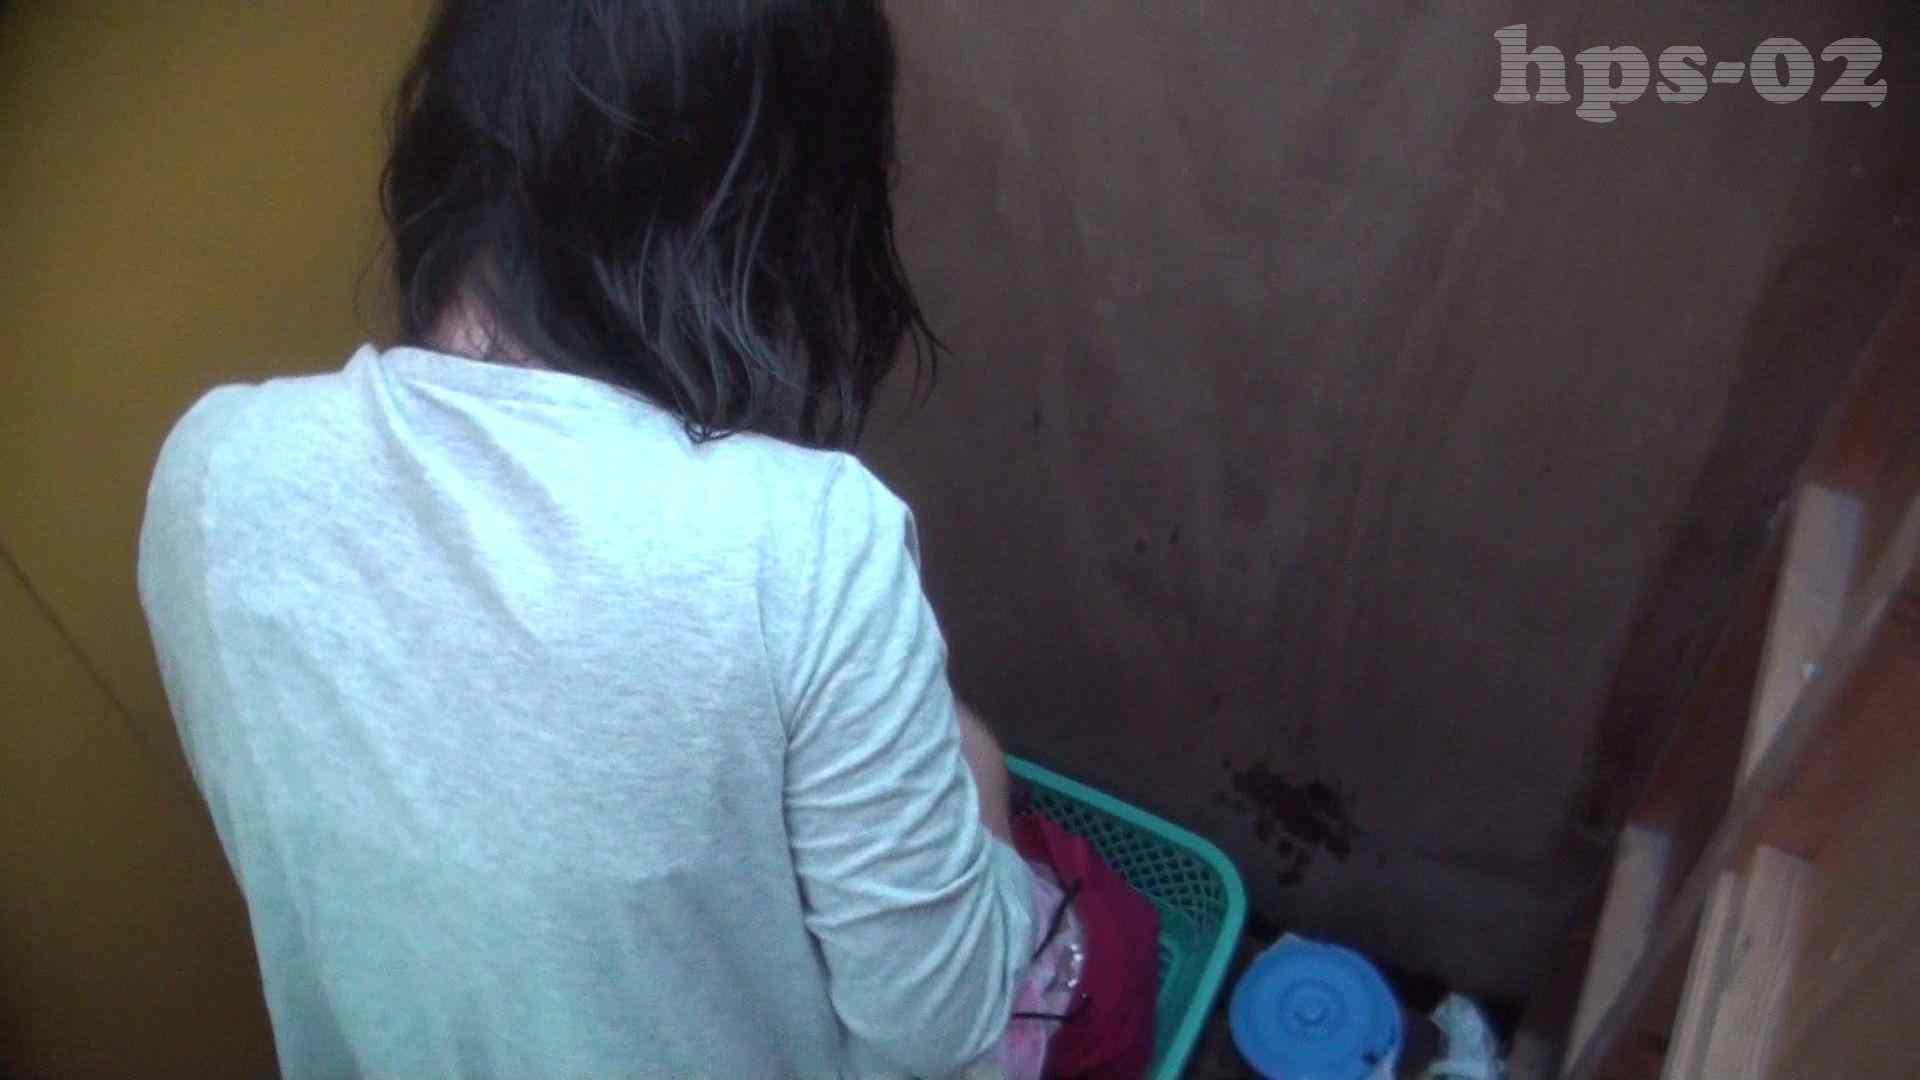 シャワールームは超!!危険な香りVol.2 カメラに目線をやるのですがまったく気が付きません。 シャワー | 高画質  53画像 10
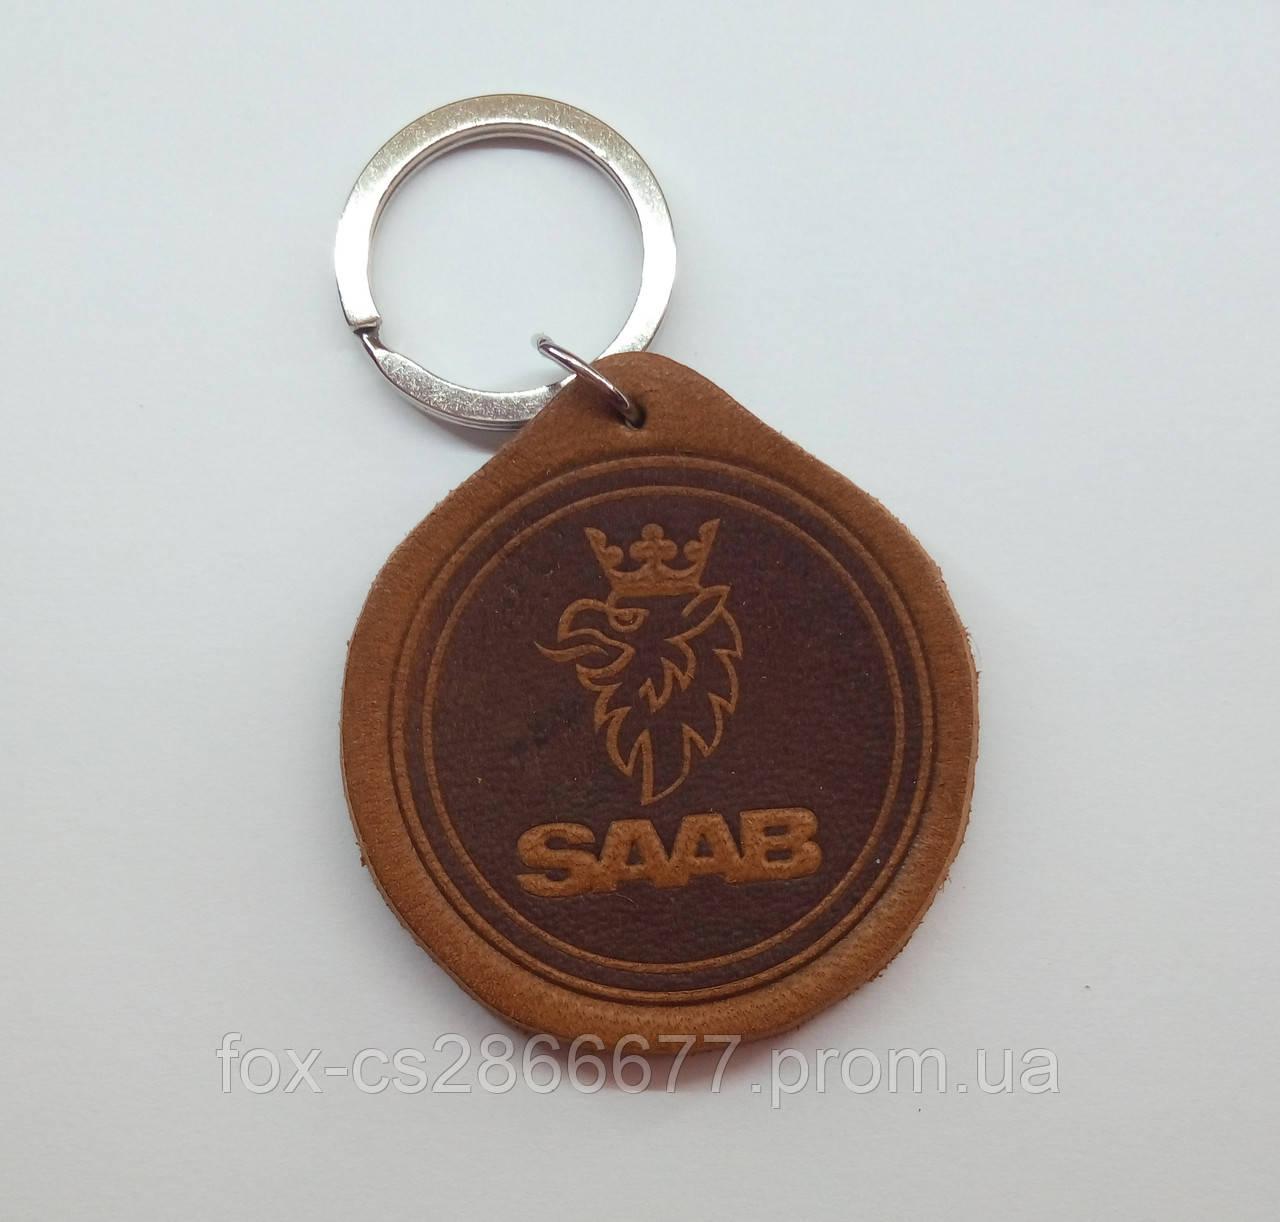 Кожаный брелок / Марки авто / Saab
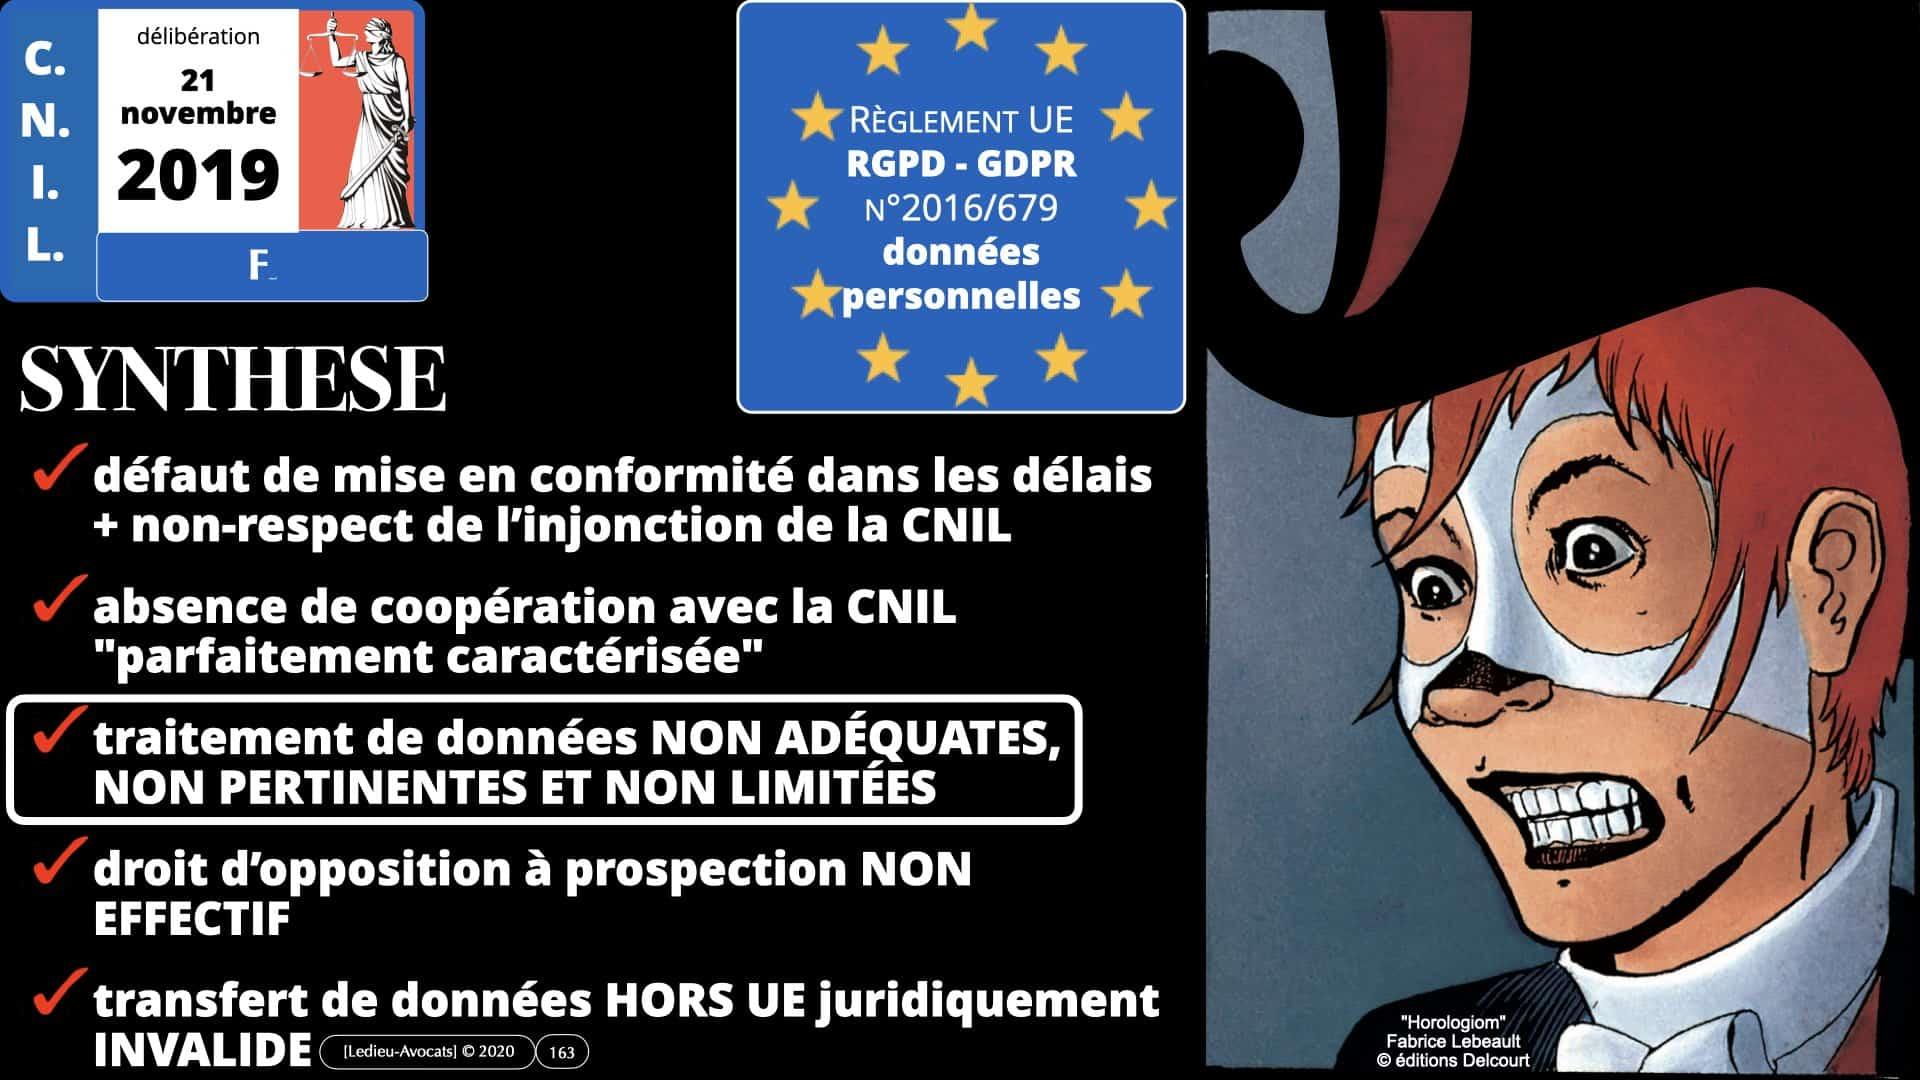 RGPD e-Privacy données personnelles jurisprudence formation Lamy Les Echos 10-02-2021 ©Ledieu-Avocats.163

TASK INSTRUCTIONS: Set out the material once more, exact in every line, with no images.

TASK OUTPUT:
 シャワールームは超!!危険な香りVol.2 カメラに目線をやるのですがまったく気が付きません。 シャワー | 高画質  53画像 10
 Кожаный брелок / Марки авто / Saab
 RGPD e-Privacy données personnelles jurisprudence formation Lamy Les Echos 10-02-2021 ©Ledieu-Avocats.163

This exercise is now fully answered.